Is the U.S. mishandling asylum seekers?

A bipartisan federal commission stated yesterday that in its zeal to protect the U.S. borders, it is possible that many asylum seekers are being left vulnerable to deportation as well as mistreated, "rip-searched, shackled and held in jails." One of the recommendations that the Department of Homeland Security has made following these findings is that officials should be better trained to deal with asylum seekers. However, the most important question to me is: isn't this training basic? Why is it that these findings of more than two years ago were required for such a recommendation to come to the surface? I would assume that officers were already well-trained so that such events do not happen.

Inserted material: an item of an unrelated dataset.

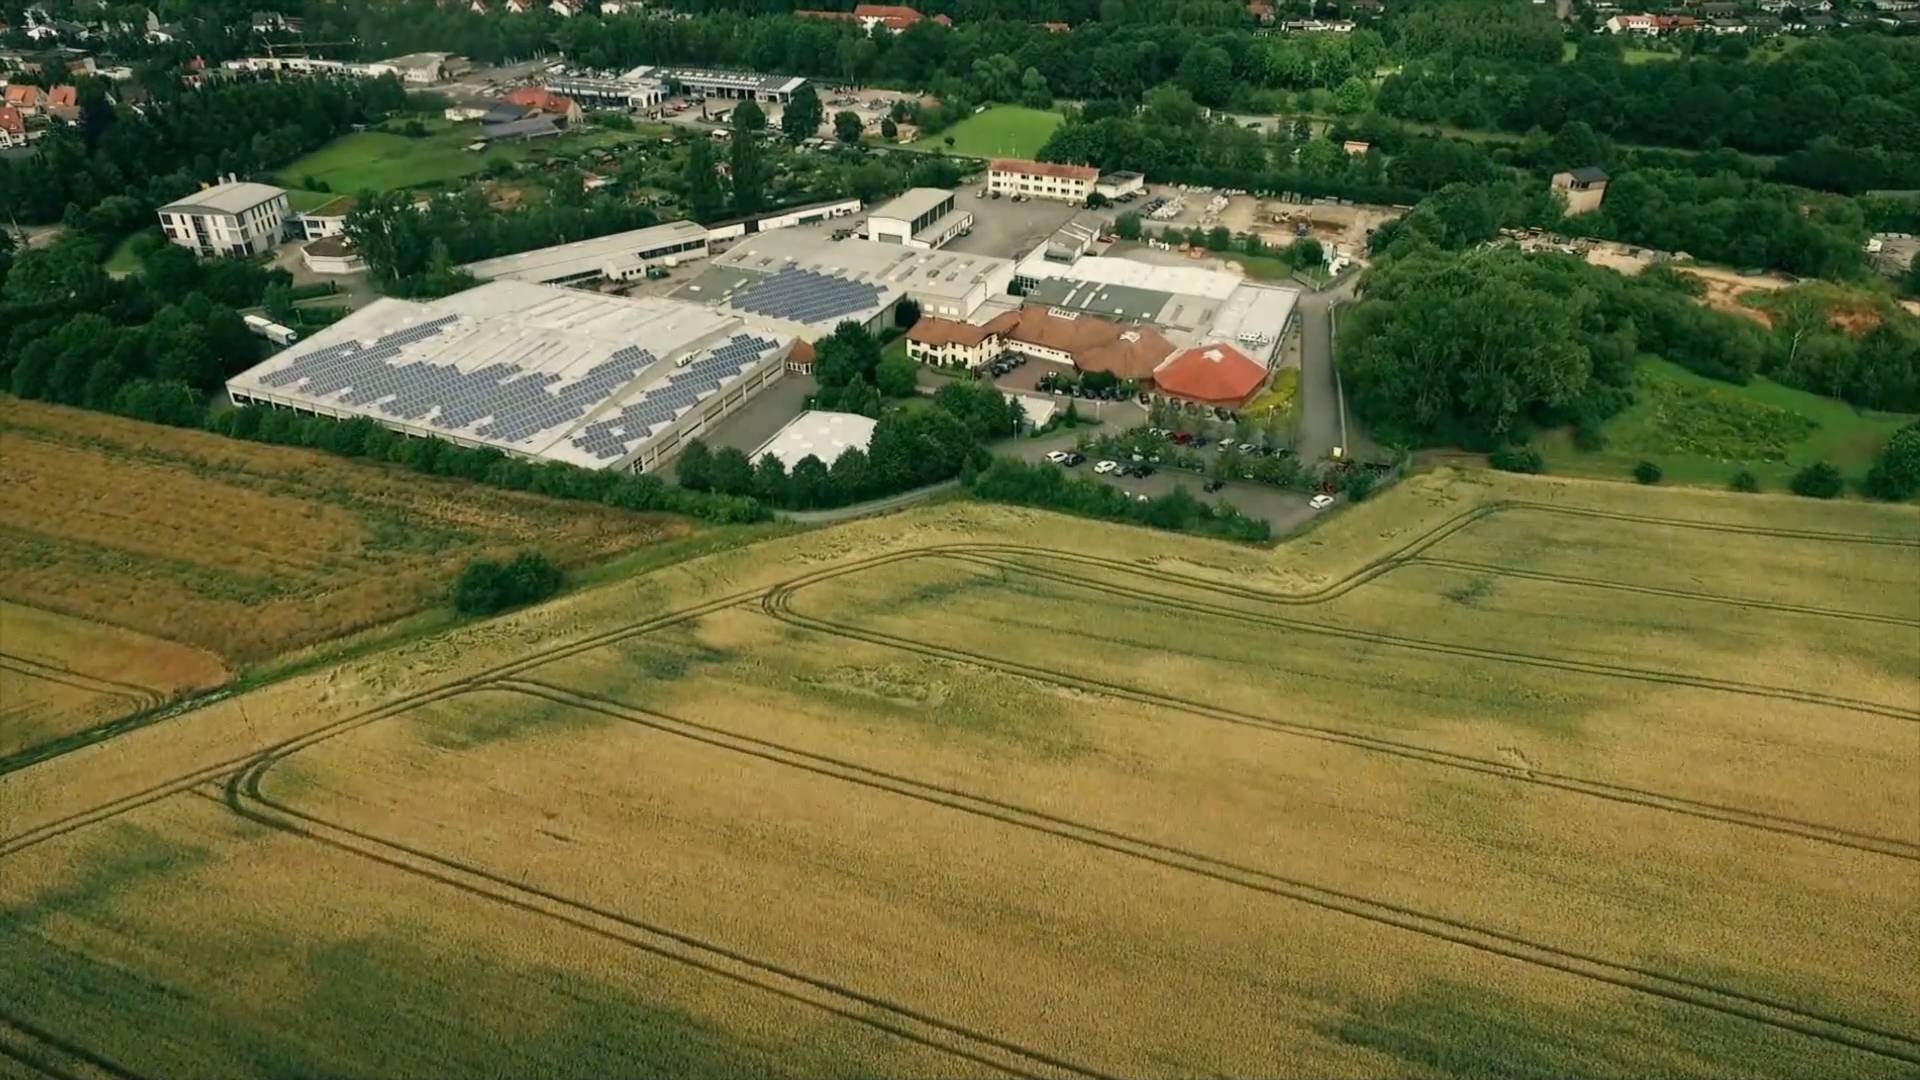 Schwalenstöcker & Gantz GmbH

Another disturbing aspect to this artice is that often this mishandling leaves asylum seekers vulnerable to deportation. However, the fact remains that often those who are deported are sent back to miserable lives. The idea that mishandling such persons increases their risks of getting sent back is a very heavy thought.

1 comment:

zain said...

The article clearly shows that even after more than three years of its creation, DHS has been unsuccessful in handling the refugee and asylum cases effectively. The department was created to streamline the immigration related issues, but it seems that the deaprtment only added another bureaucratic layer to the US Administrative framework. It is disappointing to read that despite previous recommendations, appropriate steps were not taken to employ qualified personnel at the ports of entry to guide people seeking asylum in the right direction. The article makes me wonder how many people might have been deported by inexperienced and ill-informed officers to countries where they might have faced persecution, torture or even death. Many individuals who risk every thing to reach the States do not understand the immigration law; they do not even know what 'asylum' is. They just come here because they want to live in a 'free society.' I wonder, how many deserving people are not even granted the possibility of 'credible fear.' I understand that expedited removal is a strategy designed to deal with the ever-increasing number of applications. However, If I am not wrong, arent the officers supposed to give asylum seekers the benefit of doubt?